Mean data related to timing of the force pattern and force production for participants in the 1:1 and 1:2 tasks are provided in Fig. 6. The blue bars indicate the goal ratio or goal force required by the template. Based upon point estimates of mean cycle duration (a) as well as continuous phase angles for the two limbs (e) participants were able to accurately ‘tune in’ the 1:1 (goal ratio = 1) and 1:2 (goal ratio = 2) coordination pattern. Participants were also able to accurately produce the required maximum (≈15 N) and mean (≈7.5 N) force required by the template (d, g) with both the right and left limb. However, the left limb performance in the 1:2 coordination was significantly slower (b), less stable (c), had a different phase angle slope (f), and was less harmonic (h) than the right limb in the 1:2 pattern and the left limb in the 1:1 pattern.
Mean inter-peak interval ratio (a), inter-peak intervals (b), STD inter-peak intervals (c), peak force (d), phase angle slope ratio (e), phase angle slope (f), force (g), and force harmonicity (f) by task (1:1 and 1:2) in Experiment 3. Note that the goal ratios (blue) are provided in a and e. Error bars represent standard errors (Color figure online)
Bimanual analyses
Inter-peak interval ratio Note that the goal inter-peak ratio for the 1:1 and 1:2 coordination task would be 1.00 and 2.00, respectively, with no variability. The analysis indicated a main effect of task, F(1,14) = 37,921.60, p < 0.01, η 2 p = 0.99, with the ratio for the 1:1 coordination task, as expected, lower than for the 1:2 coordination task (Fig. 6a). This indicates that based on point estimates that the participants were very effective in producing the respective goal coordination pattern.
Phase angle slope ratio As with the inter-peak interval ratio, the goal phase angle slope for the 1:1 and 1:2 coordination task would be 1.00 and 2.00, respectively, with no variability. The analysis indicated a main effect of task, F(1,14) = 20,421.54, p < 0.01, η 2 p = 0.99, with the ratio for the 1:1 coordination task, as expected, lower than for the 1:2 coordination task (Fig. 6e). This indicates that based on regression analysis of the continuous left and right limb phase angle data that the participants were very effective in producing the respective goal coordination pattern.
Unimanual analyses
Inter-peak interval The analysis indicated main effects of limb, F(1,14) = 56.68, p < 0.01, η 2 p = 0.80, and task, F(1,14) = 14.05, p < 0.01, η 2 p = 0.50. In addition, the task × limb interaction, F(1,14) = 56.50, p < 0.01, η 2 p = 0.80, was significant. Simple main effects analysis indicated similar inter-peak intervals for the left and the right limb for the 1:1 task, but slower inter-peak intervals for the left limb than the right limb for the 1:2 task (Fig. 6b). All other main affects and interactions were not significant.

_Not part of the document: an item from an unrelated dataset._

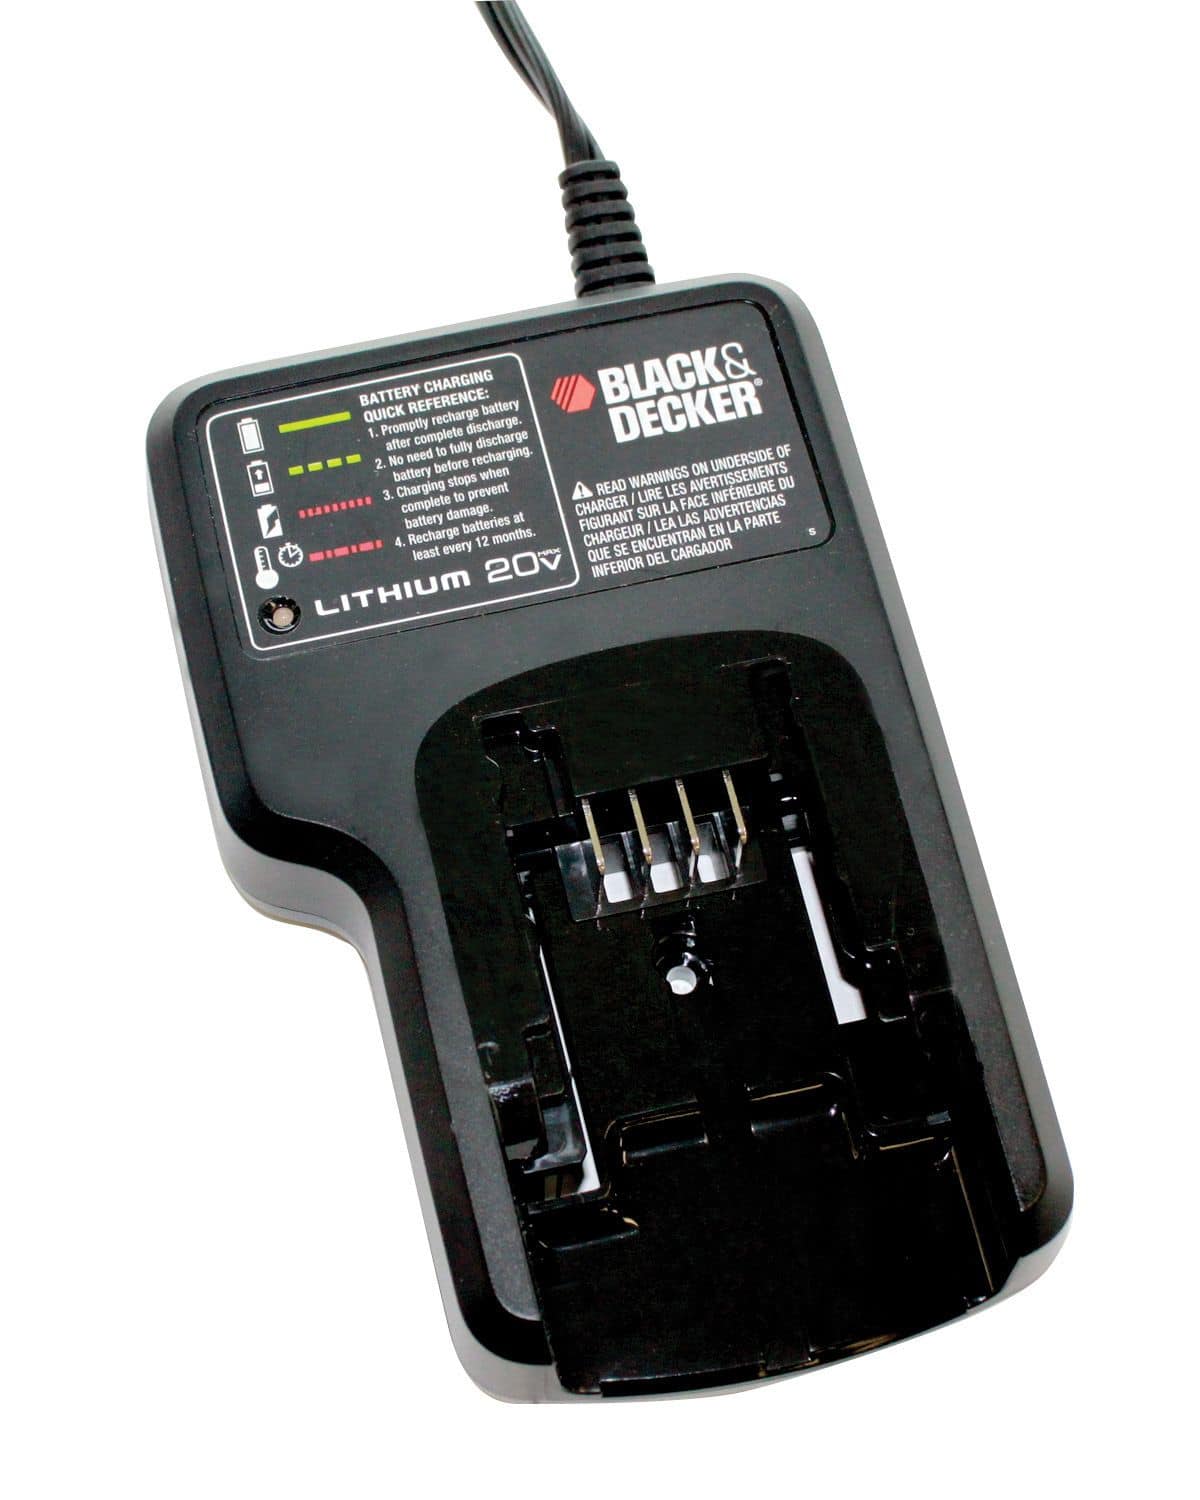 https://media-www.canadiantire.ca/product/fixing/tools/portable-power-tools/0542837/b-d-20v-lith-ion-charger-c33c7145-f593-4182-ba6d-dce8693bc6ef-jpgrendition.jpg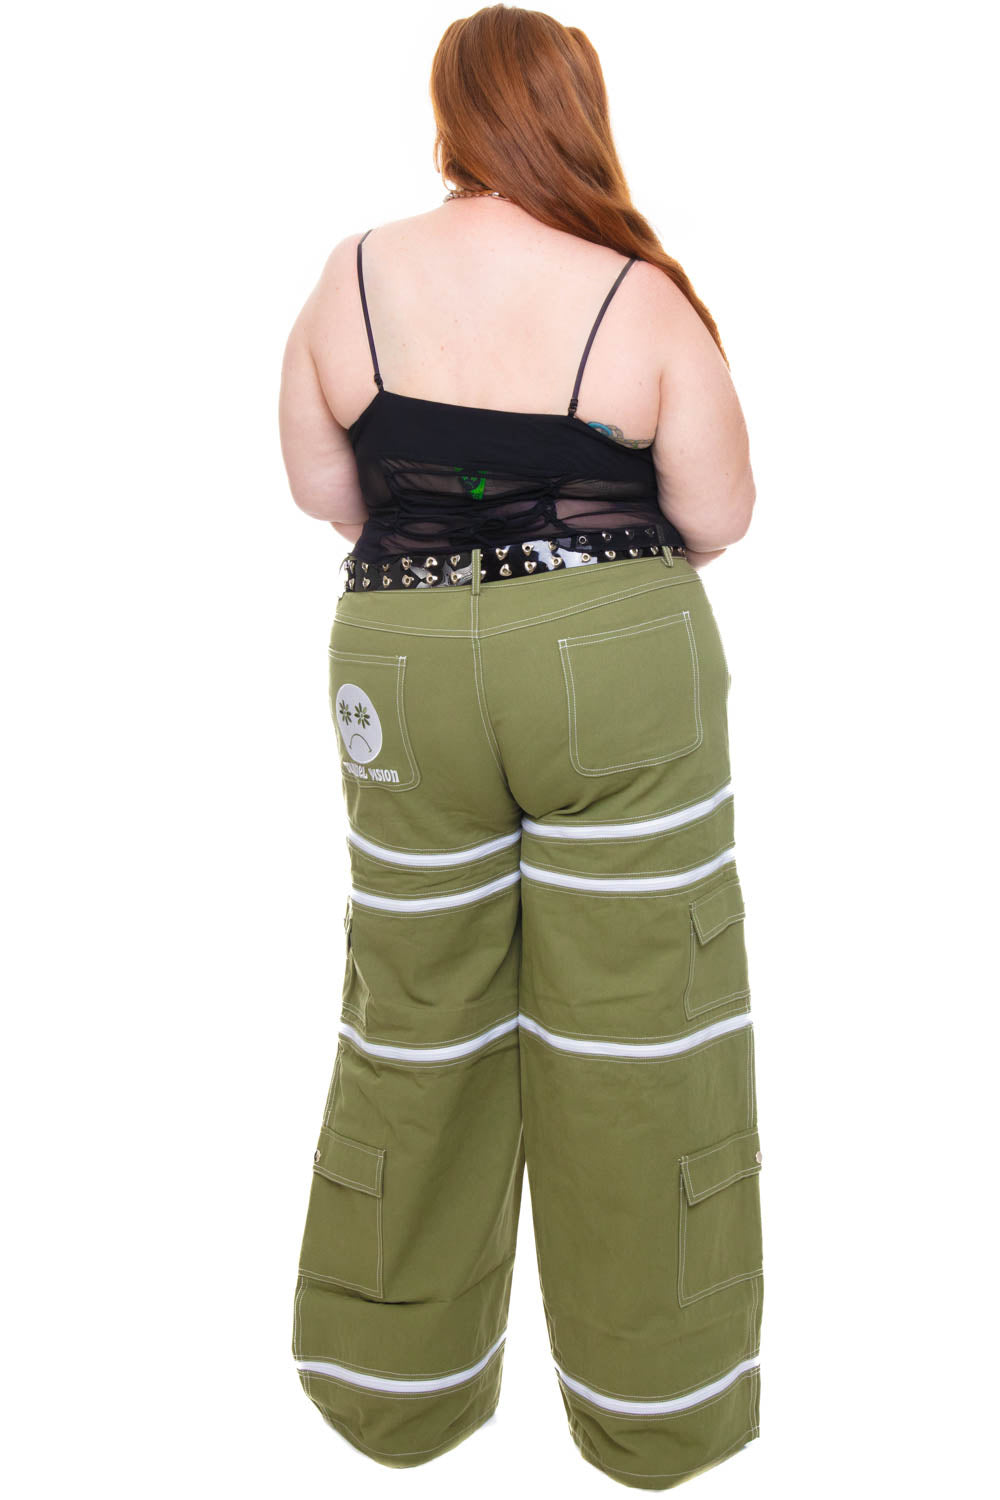 Olive Tunnel Zip-Off Convertible – Cargo Vision 5-in-1 Green Pants

STD inter-peak interval The analysis indicated a main effect of limb, F(1,14) = 9.35, p < 0.01, η 2 p = 0.40. In addition, the task × limb interaction, F(1,14) = 5.77, p < 0.05, η 2 p = 0.29, was significant. Simple main effects analysis indicated similar STD inter-peak intervals for the left and the right limb for the 1:1 task, but larger STD inter-peak intervals for the left limb than the right limb for the 1:2 task (Fig. 6c). All other main affects and interactions were not significant.
Peak force None of the main effects or interaction were significant. Note that participants’ in both conditions and with both limbs were able to produce the maximum force required by the template (≈15 N) (Fig. 6d).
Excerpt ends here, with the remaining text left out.